On Mon, Mar 05, 2012 at 05:19:49PM +0000, Kerin Millar wrote:
> Hi Pablo,
> 
> On 04/03/2012 11:01, Pablo Neira Ayuso wrote:
> >Hi Kerin,
> >
> >On Sat, Mar 03, 2012 at 06:47:27PM +0000, Kerin Millar wrote:
> >>Hi,
> >>
> >>On 03/03/2012 13:30, Pablo Neira Ayuso wrote:
> >>>I just posted another patch to the ML that is a relative fix to
> >>>Jozsef's patch. You have to apply that as well.
> >>
> >>I've now tested 3.3-rc5 with the addition of the above mentioned
> >>follow-on patch. The behaviour during conntrackd -c execution is
> >>clearly much improved - in so far as it doesn't generate much noise
> >>- but the crash that follows remains. Here's a netconsole capture:-
> >>
> >>http://paste.pocoo.org/raw/560439/
> >
> >Great to know :-).
> 
> I apologize but I think I may have led you astray on the nf_nat
> issue. At the time of submitting my original report, I now believe
> that the nf_nat module wasn't loaded prior to starting conntrackd,
> although it was definitely available. For all tests that followed,
> however, I am entirely certain the the nf_nat module was loaded in
> advance. The upshot is that my claim that things had improved may
> have been premature; I need to specifically test under both
> circumstances to be sure that things are improving. That is, both
> with and without the module loaded in advance.
> 
> Following my own advice then, I first tried going through my test
> case *without* loading nf_nat in advance. Alas, conntrackd -c
> triggered hard lockups and didn't return to prompt. Here are the
> results:-
> 
> http://paste.pocoo.org/raw/561350/
> 
> In case it matters, the existing ssh session continued to respond to
> input but I was no longer able to initiate any new sessions.
> 
> >
> >Regarding your previous email, I'm sorry, by reading your email I
> >thought you were using 2.6.32 which was not the case, your
> >configuration is perfectly reasonable.
> >
> >It seems we still have problems regarding early_drop, but this time
> >with reliable event delivery enabled (15 seconds is the time that
> >is required to retry sending the destroy event).
> >
> >If you can test the following patch, I'll appreciate.
> 
> Gladly. I applied the patch to my 3.3-rc5 tree, which is still
> carrying the two patches discussed earlier in the thread. I then
> went through my test case under normal circumstances i.e. all
> firewall rules in place, nf_nat confirmed present before conntrackd
> etc. Again, conntrackd -c did not return to prompt. Here are the
> results:-
> 
> http://paste.pocoo.org/raw/561354/
>
> Well, at least there was no oops this time. I should also add that
> the patch was present for both of the tests mentioned in this email.

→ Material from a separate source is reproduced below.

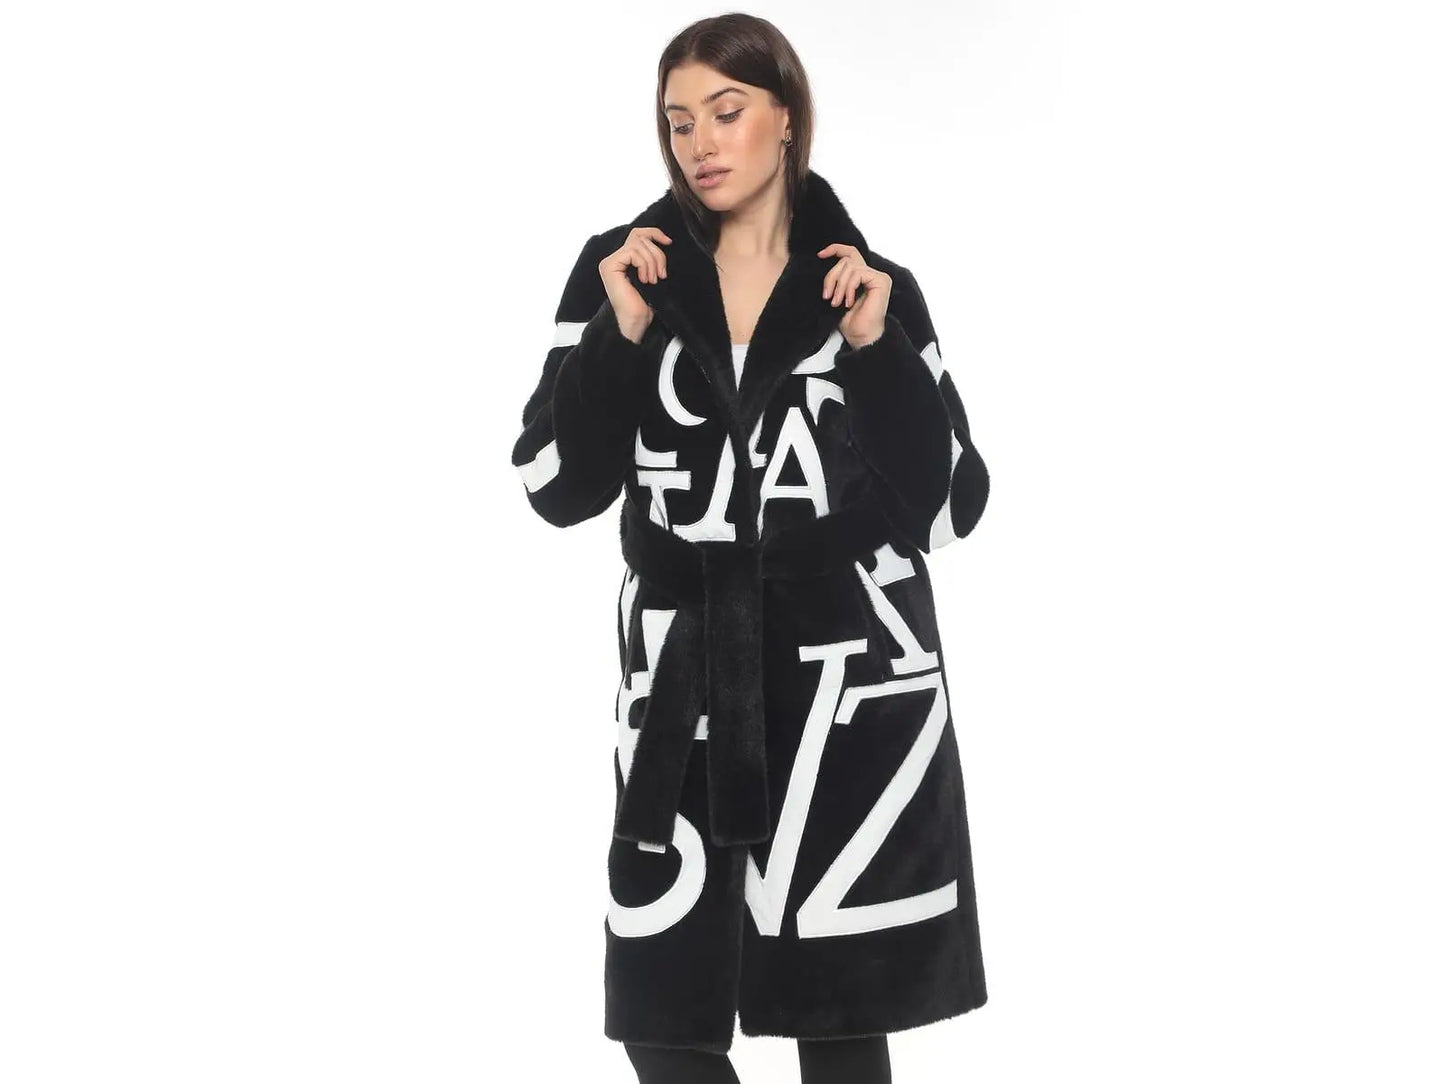 Black Lama Wool Knee-Length Coat with Mink Fur Collar & Letter Design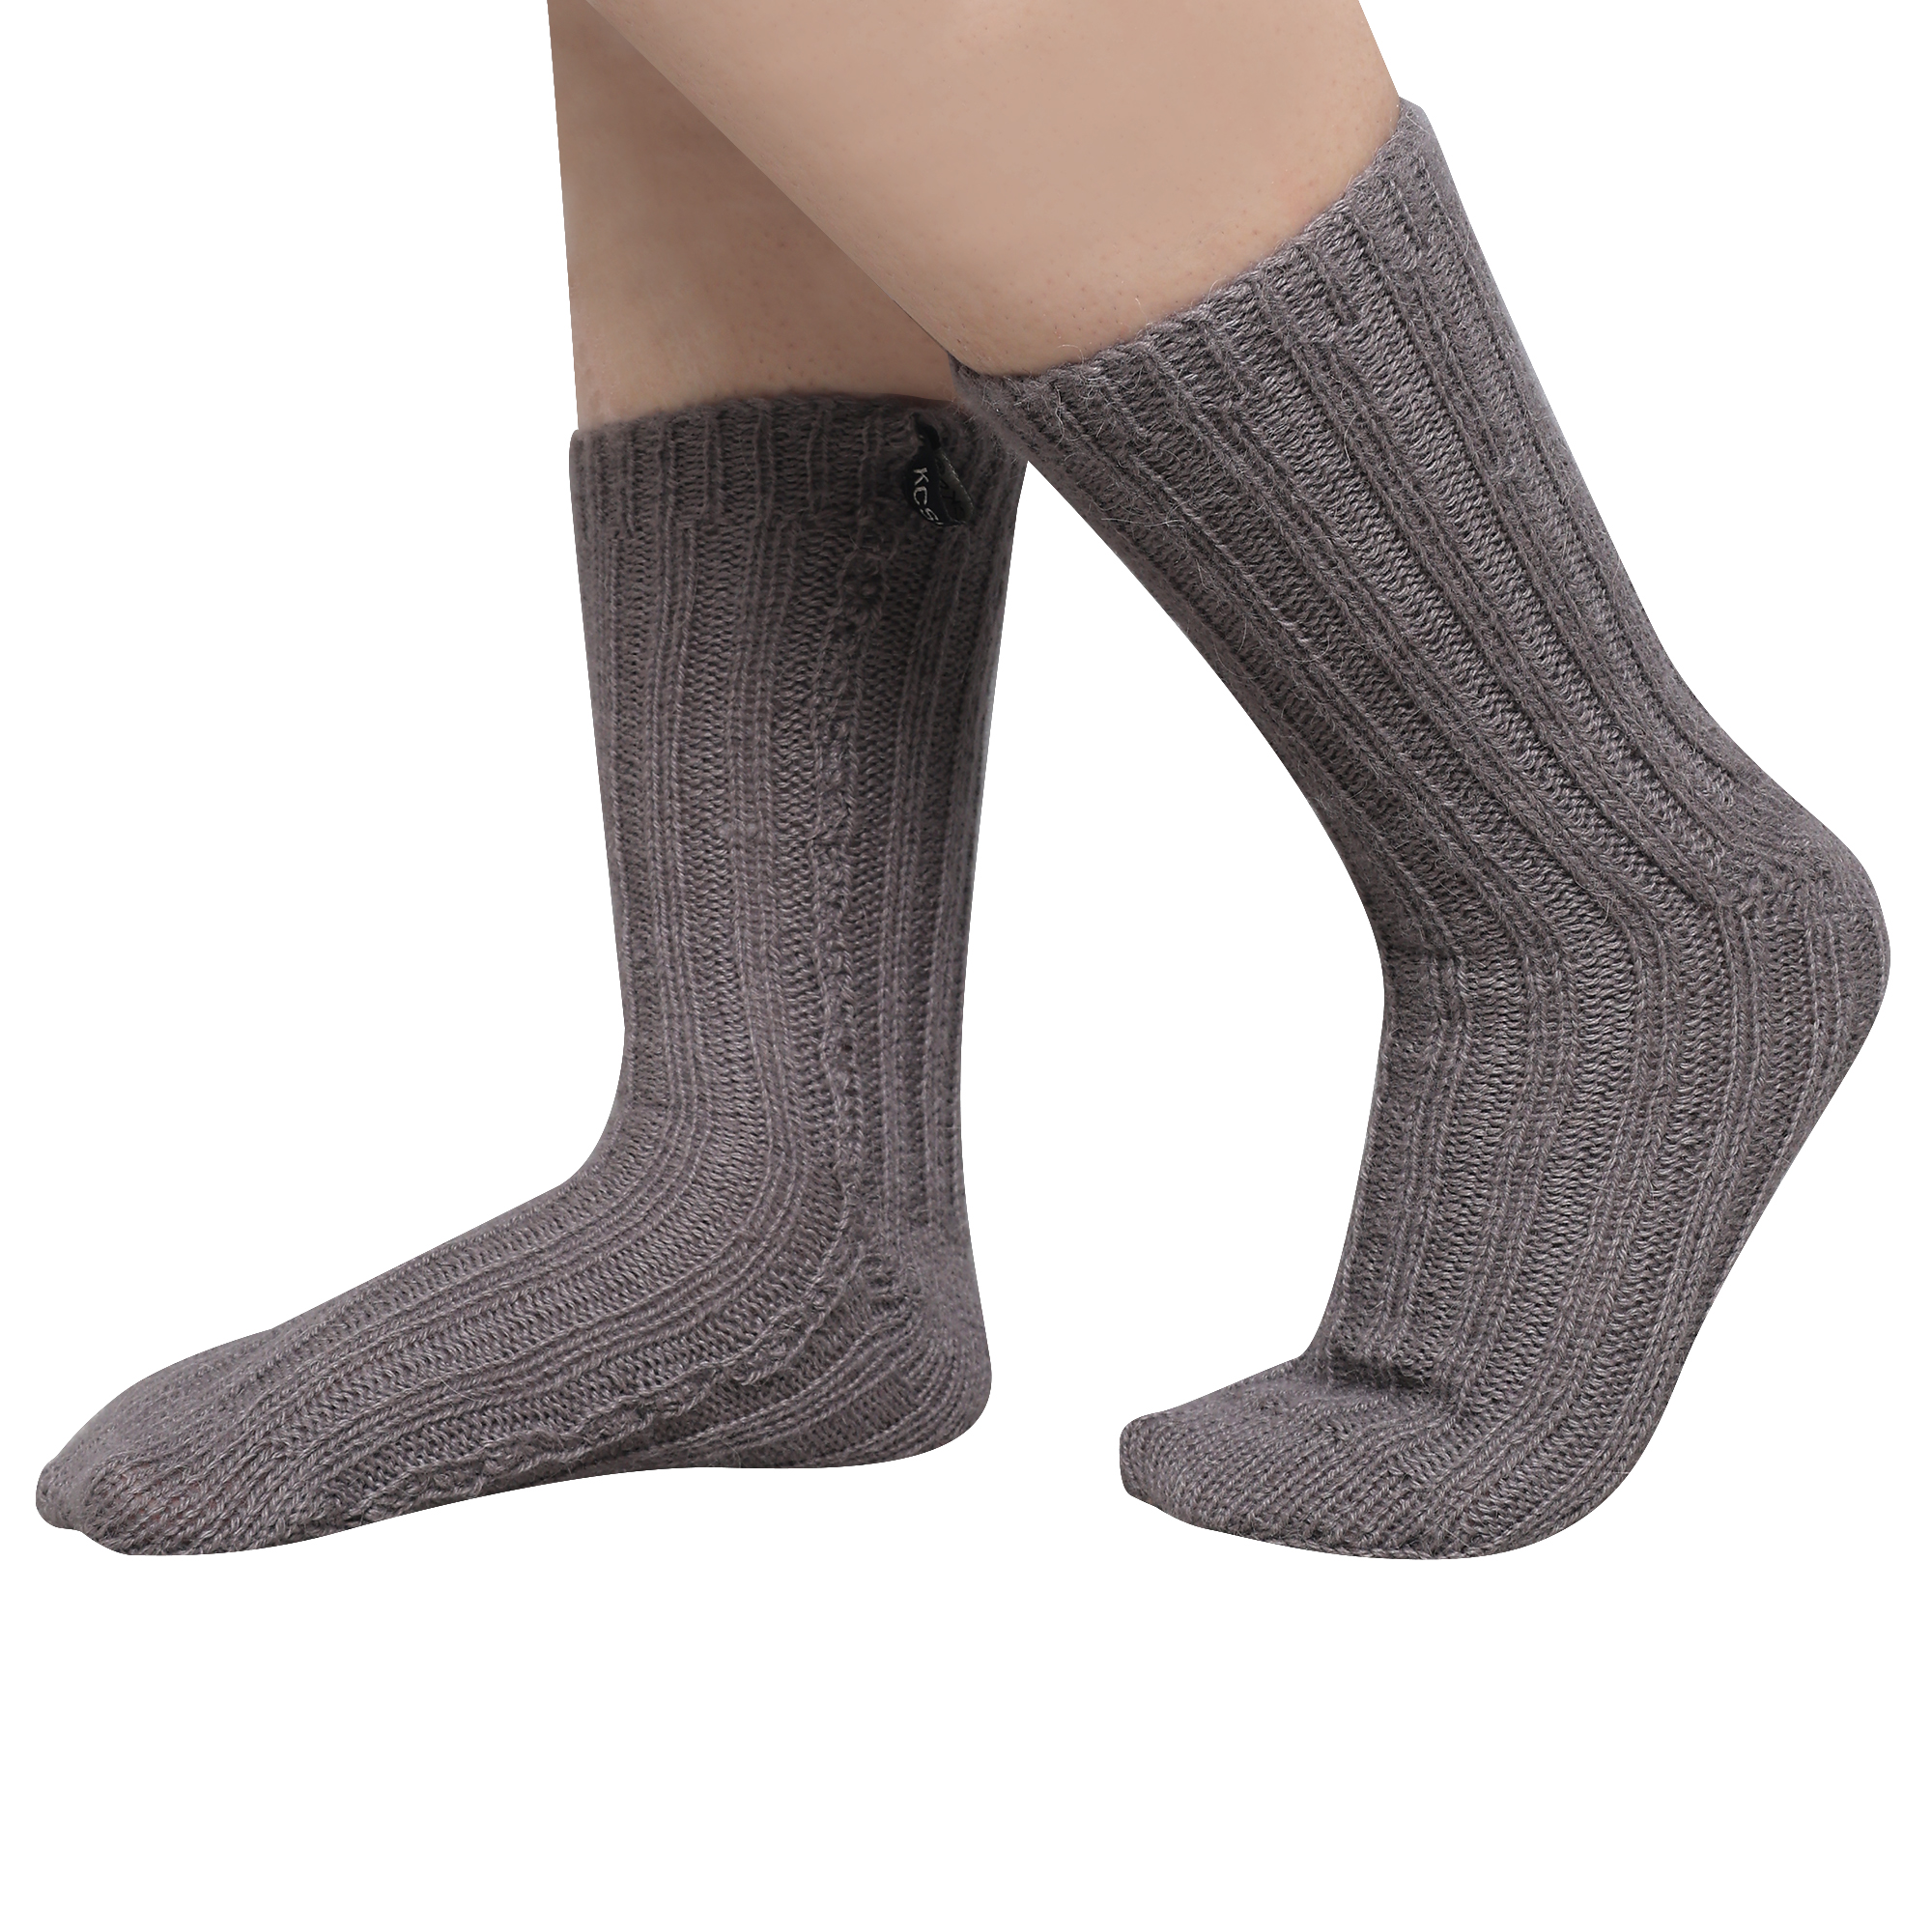 100% PURE BABY ALPACA WOOL Socks for women KCBAL301

Previous patch that I sent you was not OK, sorry. I have committed the
following to my git tree:

http://1984.lsi.us.es/git/net/commit/?id=691d47b2dc8fdb8fea5a2b59c46e70363fa66897

I've been using the following tools that you can find enclosed to this
email, they are much more simple than conntrackd but, they do the same
in essence:

* conntrack_stress.c
* conntrack_events.c

gcc -lnetfilter_conntrack conntrack_stress.c -o ct_stress
gcc -lnetfilter_conntrack conntrack_events.c -o ct_events

Then, to listen to events with reliable event delivery enabled:

# ./ct_events &

And to create loads of flow entries in ASSURED state:

# ./ct_stress 65535 # that's my ct table size in my laptop

You'll hit ENOMEM errors at some point, that's fine, but no oops or
lockups happen here.

I have pushed this tools to the qa/ directory under
libnetfilter_conntrack:

commit 94e75add9867fb6f0e05e73b23f723f139da829e
Author: Pablo Neira Ayuso <pablo@netfilter.org>
Date:   Tue Mar 6 12:10:55 2012 +0100

    qa: add some stress tools to test conntrack via ctnetlink

(BTW, ct_stress may disrupt your network connection since the table
gets filled. You can use conntrack -F to get the ct table empty again).

> ---
> Incidentally, I found out why the internal cache on the master was
> filling up to capacity. It was apparently due to the use of
> "iptables -I PREROUTING -t raw -j CT --ctevents assured". Perhaps
> I'm missing something but doesn't this stop events such as new and
> destroy from being propagated? An inspection with conntrack -E
> suggests so. Once I removed the above rule, I could see destroy
> events being propagated and the number of active connections in the
> cache no longer exceeded my chosen limit of 2097152 ...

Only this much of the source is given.